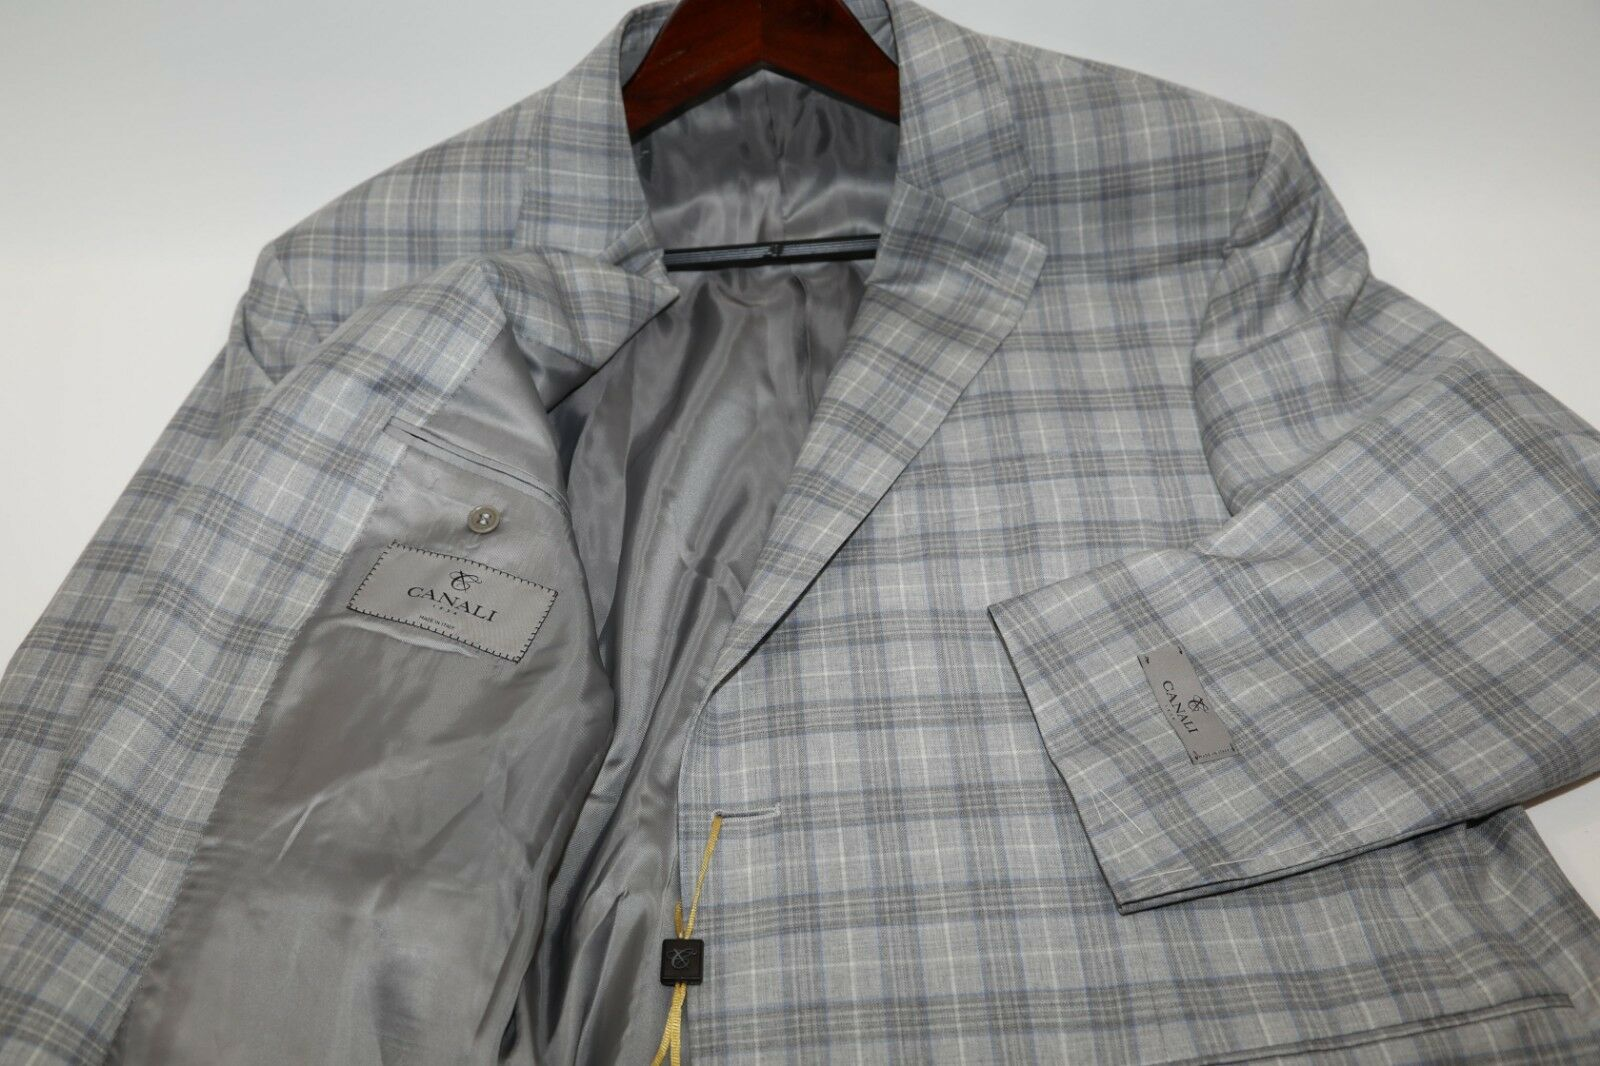 53 CANALI  13290 Plaid Fabric Blazer Größe 48 R
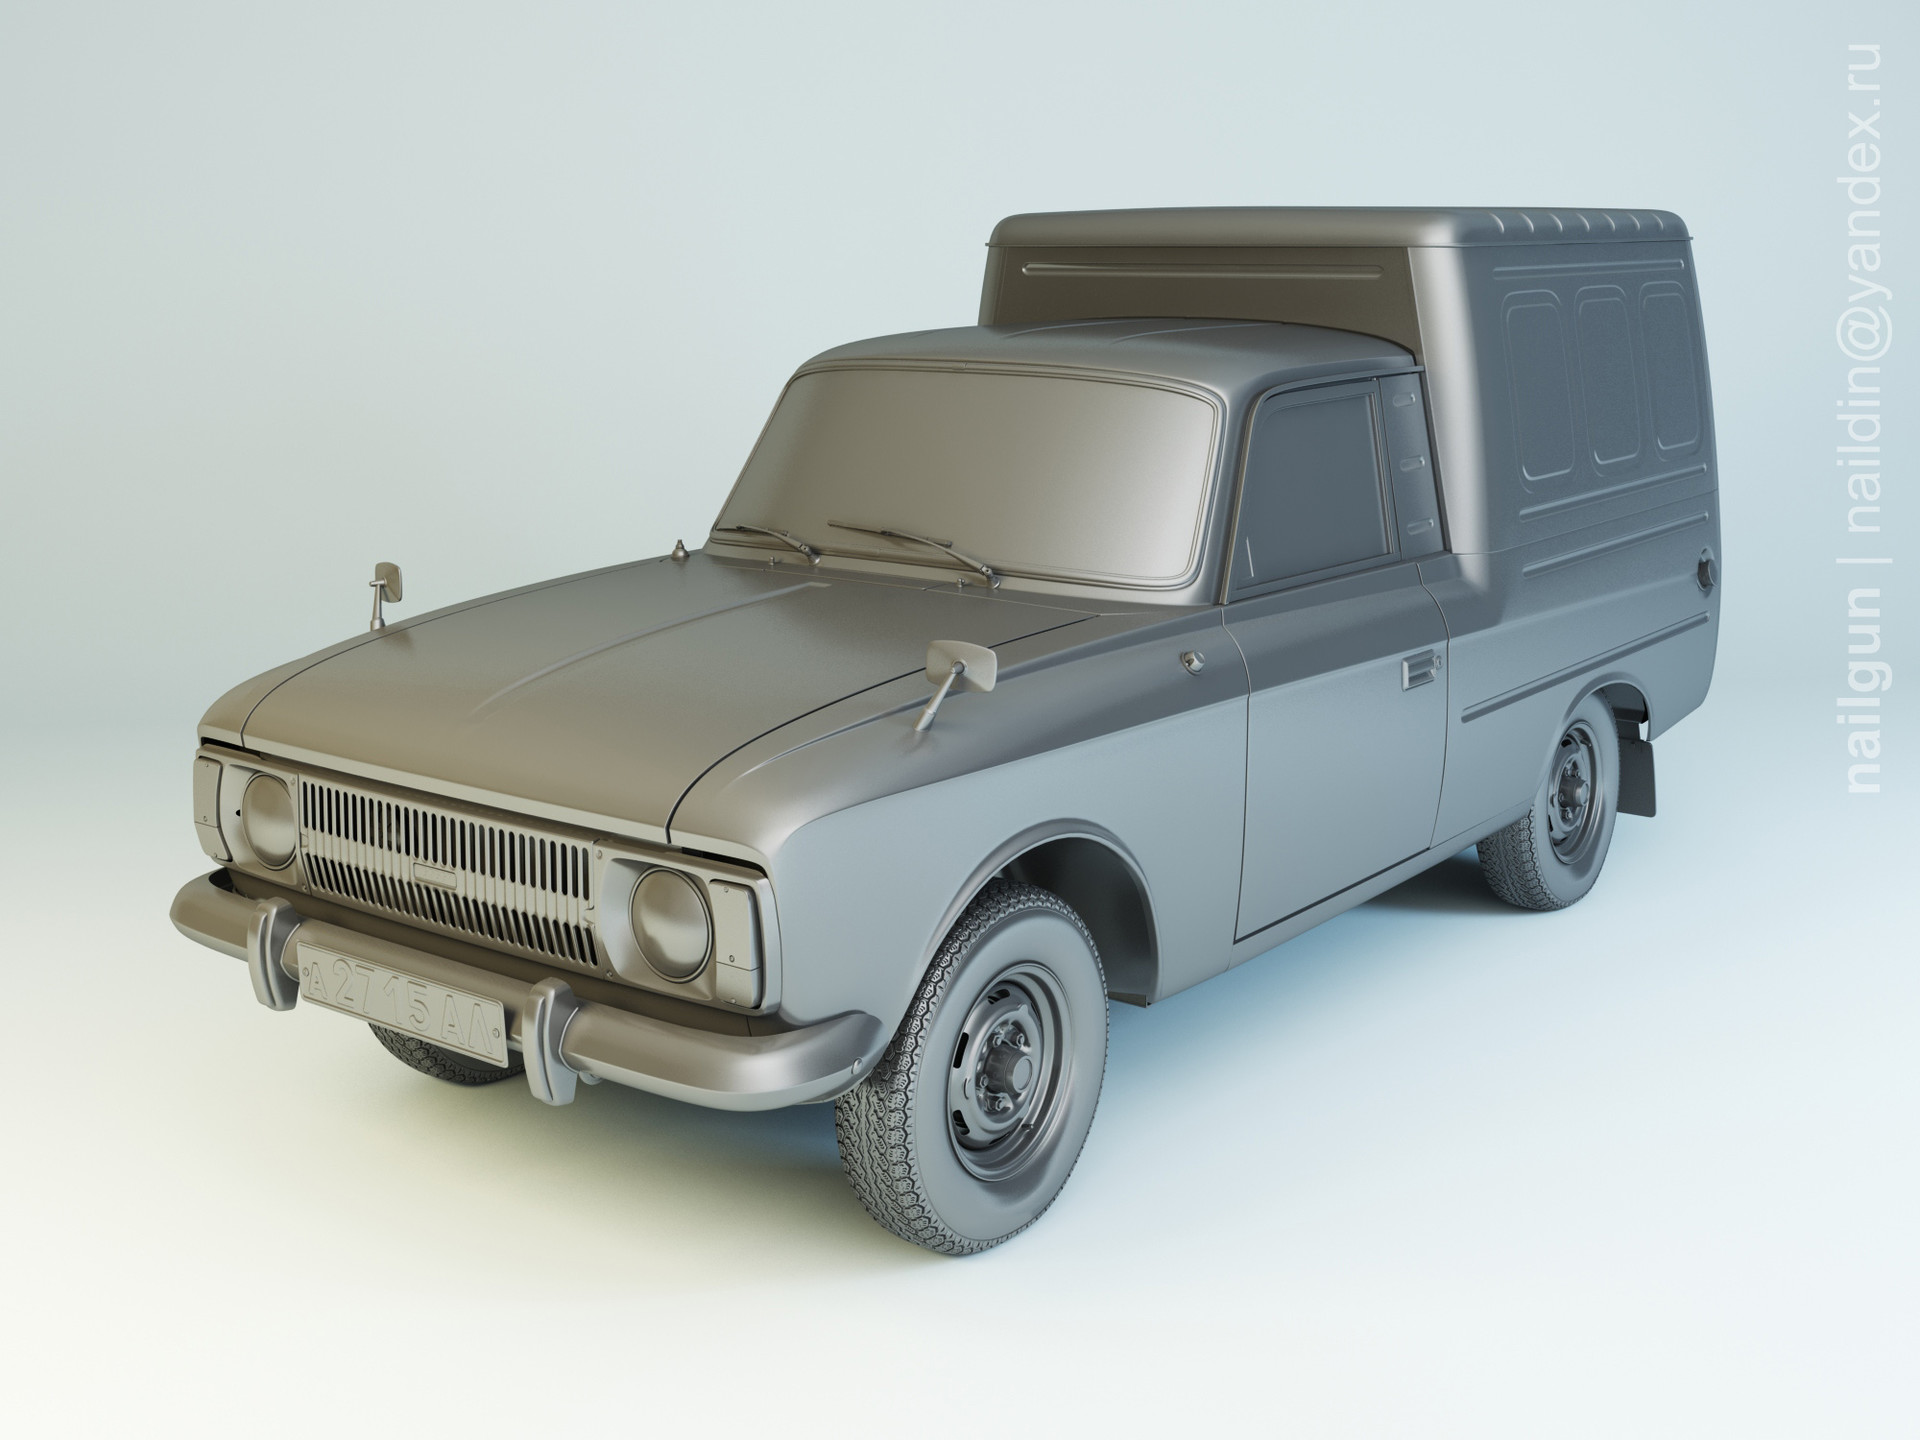 Nail khusnutdinov als 187 001 igh 2715 modelling 0
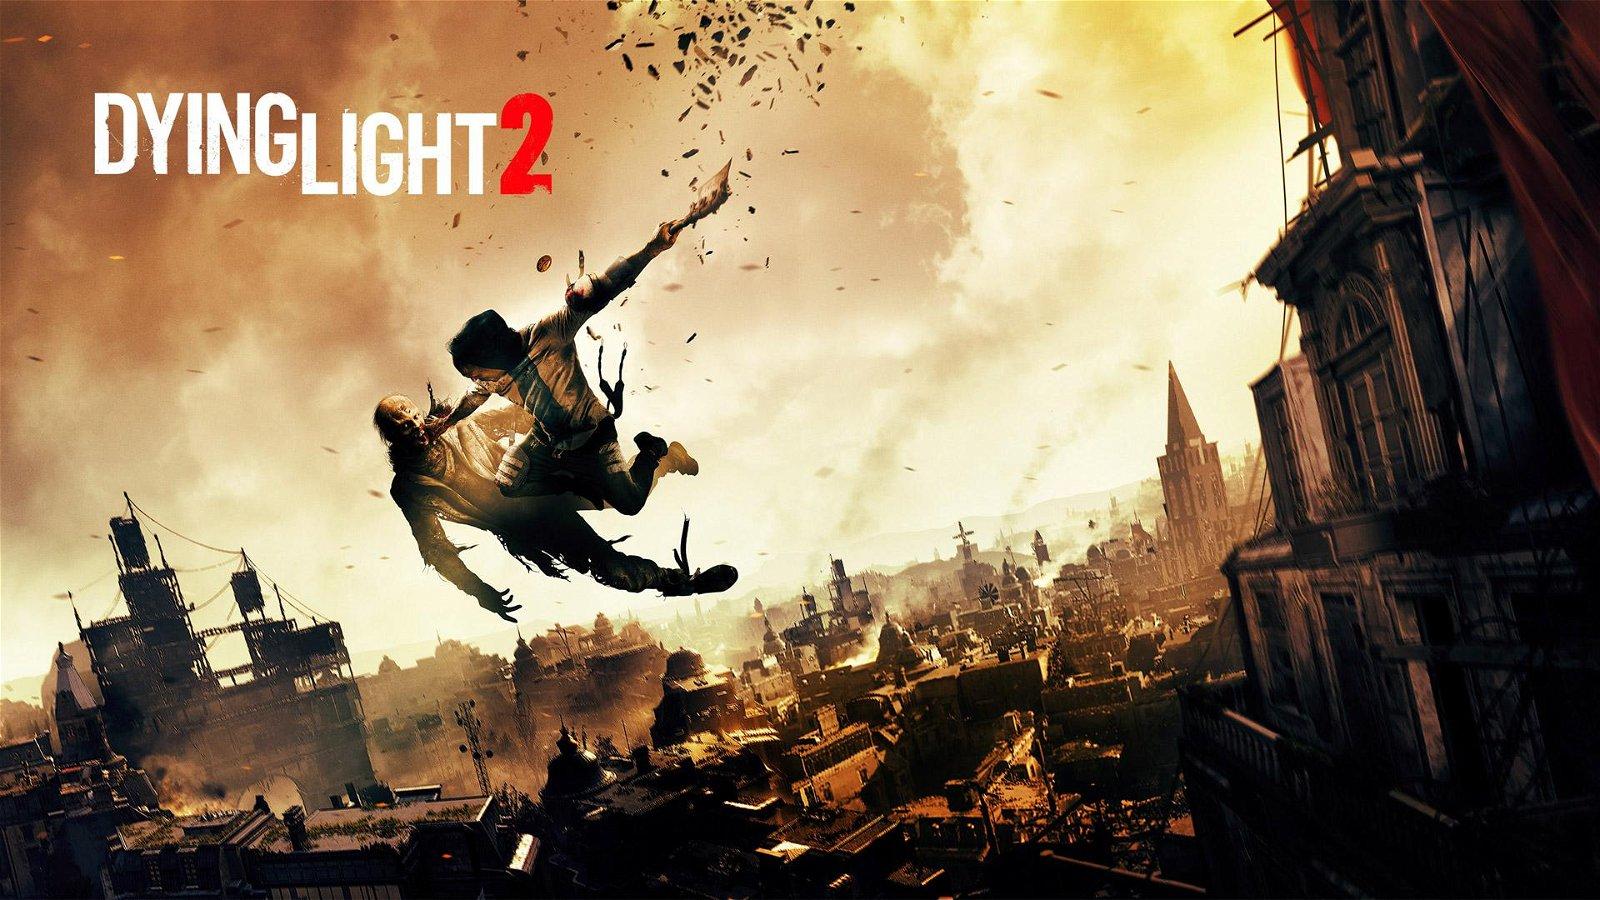 Update: Dying Light 2 Developer Update Coming Next Week, New July Steam Announced
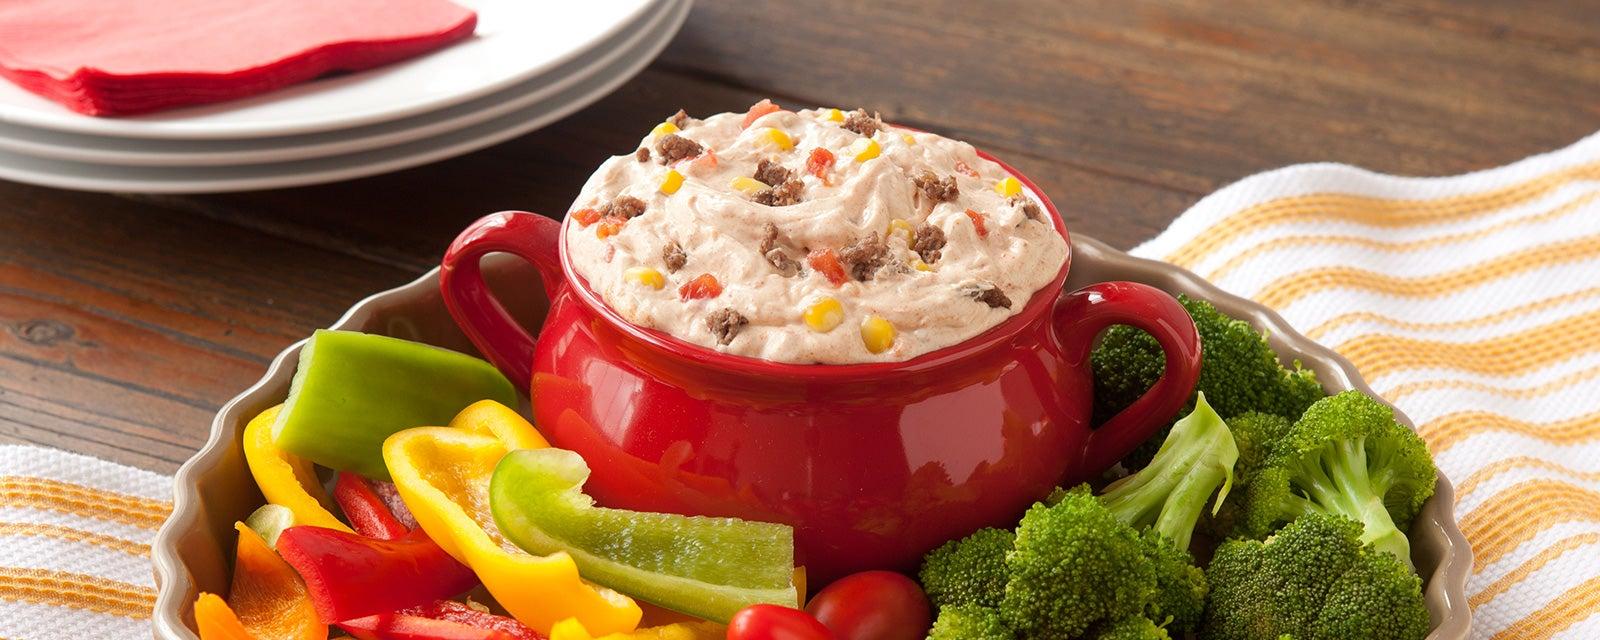 Creamy Goulash Dip

What this task involves: Return all of the data exactly as written, and drop the pictures.

Exercise answer:
 53 CANALI  13290 Plaid Fabric Blazer Größe 48 R
 Nail khusnutdinov als 187 001 igh 2715 modelling 0
 Update: Dying Light 2 Developer Update Coming Next Week, New July Steam Announced
 Creamy Goulash Dip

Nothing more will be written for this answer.